With every picture left out, restate the listing below exactly as written.

Start of Collected material

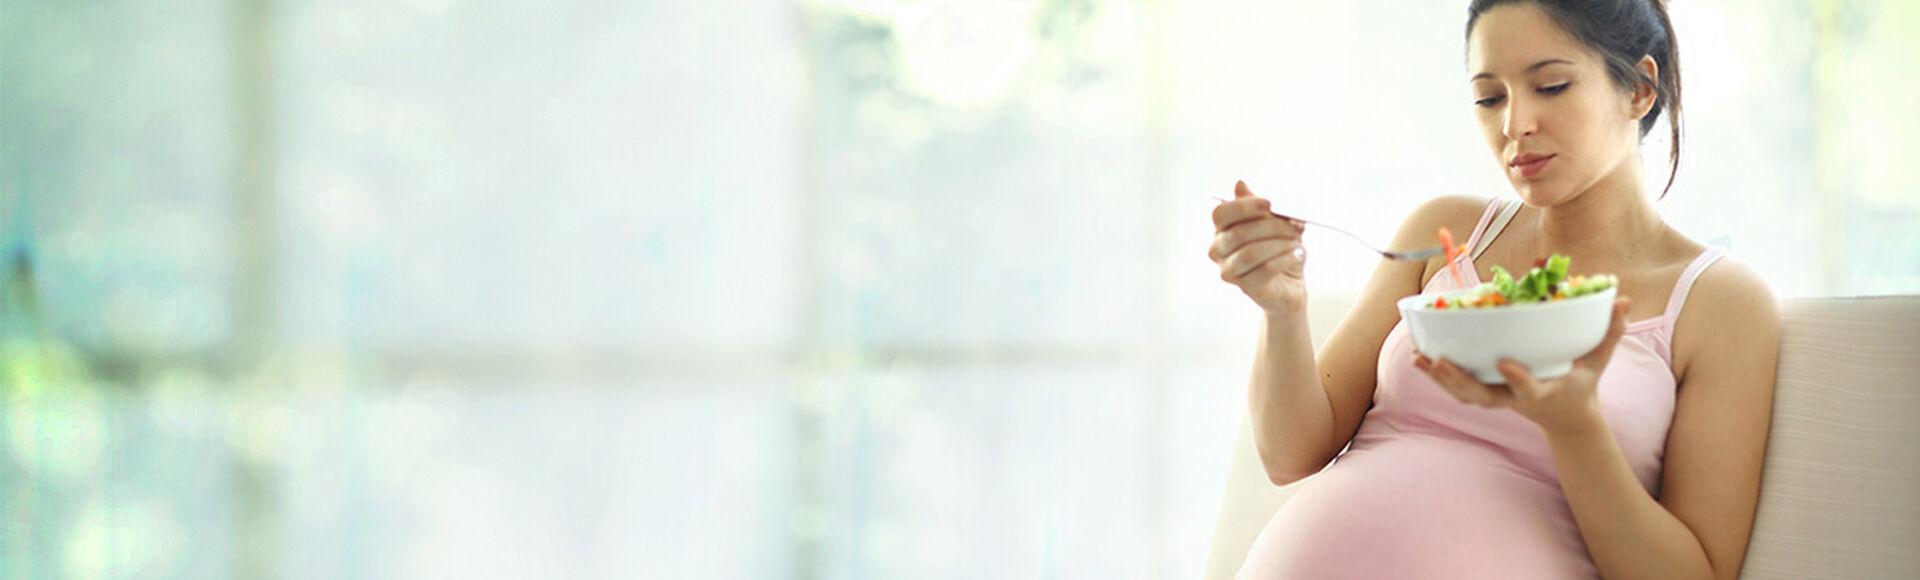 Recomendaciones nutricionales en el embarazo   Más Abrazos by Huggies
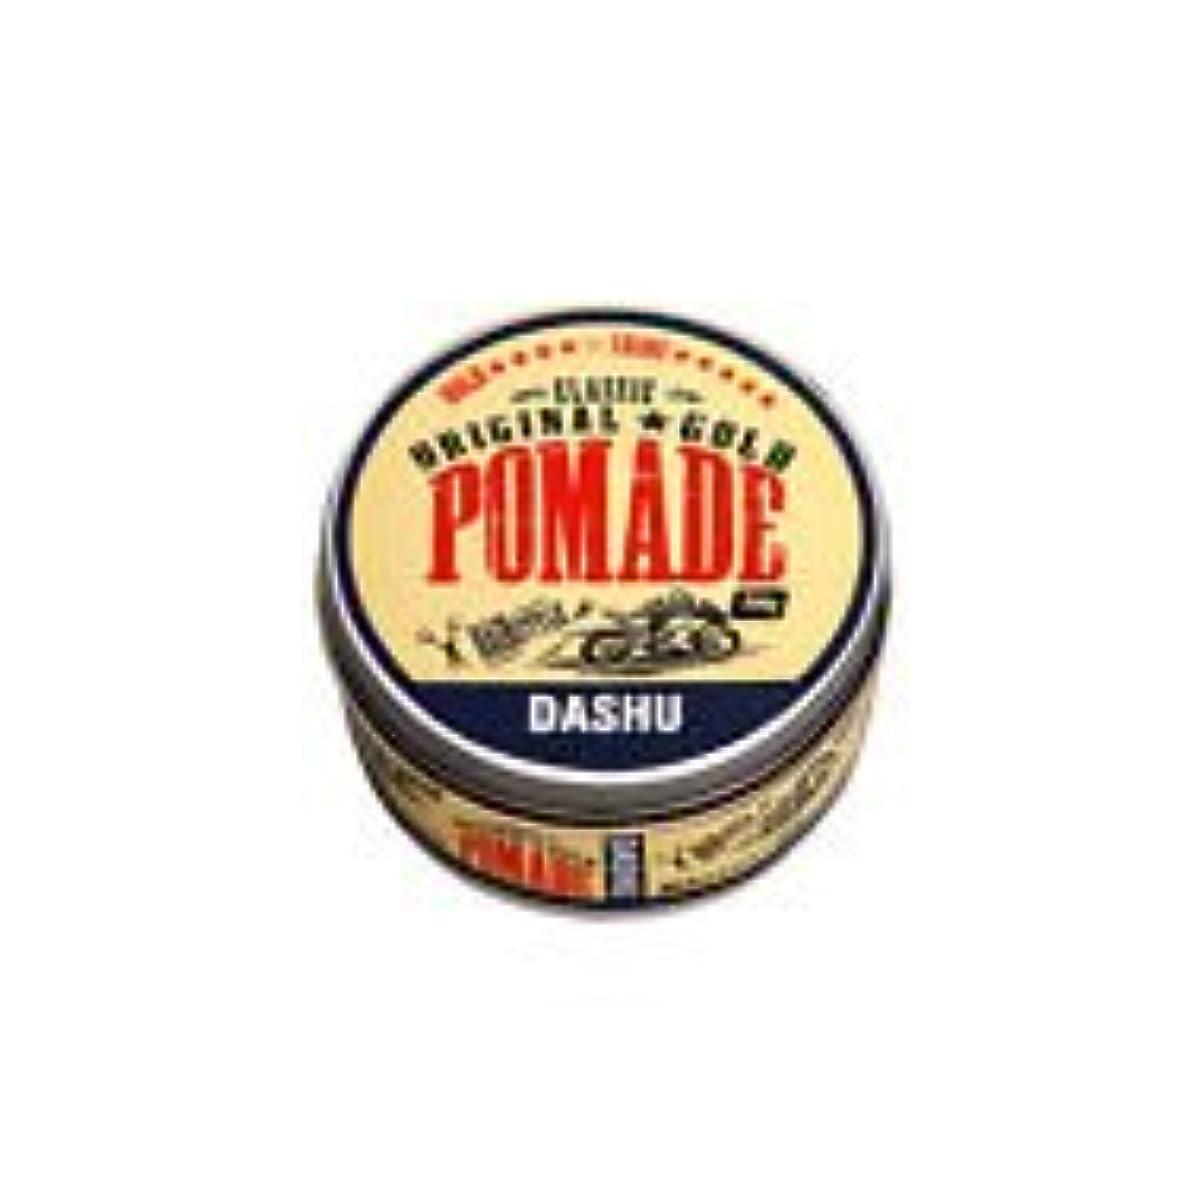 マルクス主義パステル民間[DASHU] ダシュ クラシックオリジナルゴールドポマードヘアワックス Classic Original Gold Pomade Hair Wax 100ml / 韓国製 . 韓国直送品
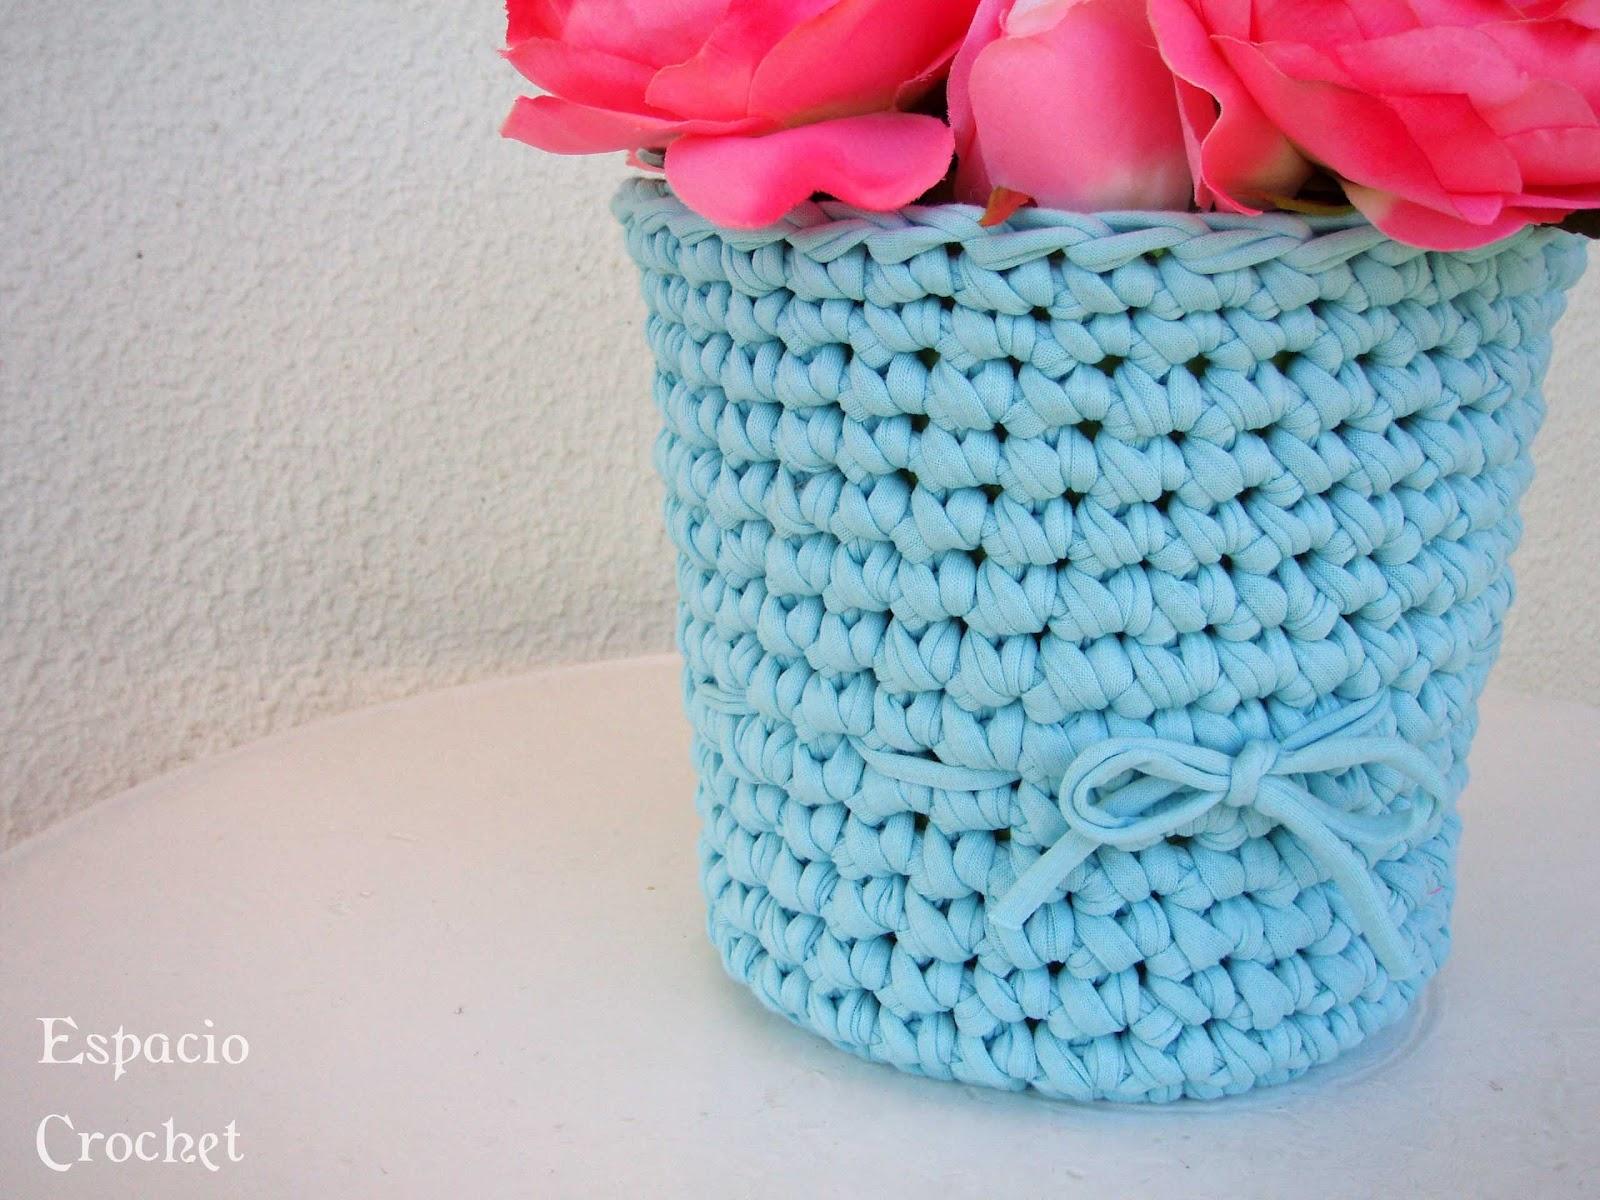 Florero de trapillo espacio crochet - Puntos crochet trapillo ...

End of Collected material

Task output:
 Recomendaciones nutricionales en el embarazo   Más Abrazos by Huggies
 マルクス主義パステル民間[DASHU] ダシュ クラシックオリジナルゴールドポマードヘアワックス Classic Original Gold Pomade Hair Wax 100ml / 韓国製 . 韓国直送品
 Florero de trapillo espacio crochet - Puntos crochet trapillo ...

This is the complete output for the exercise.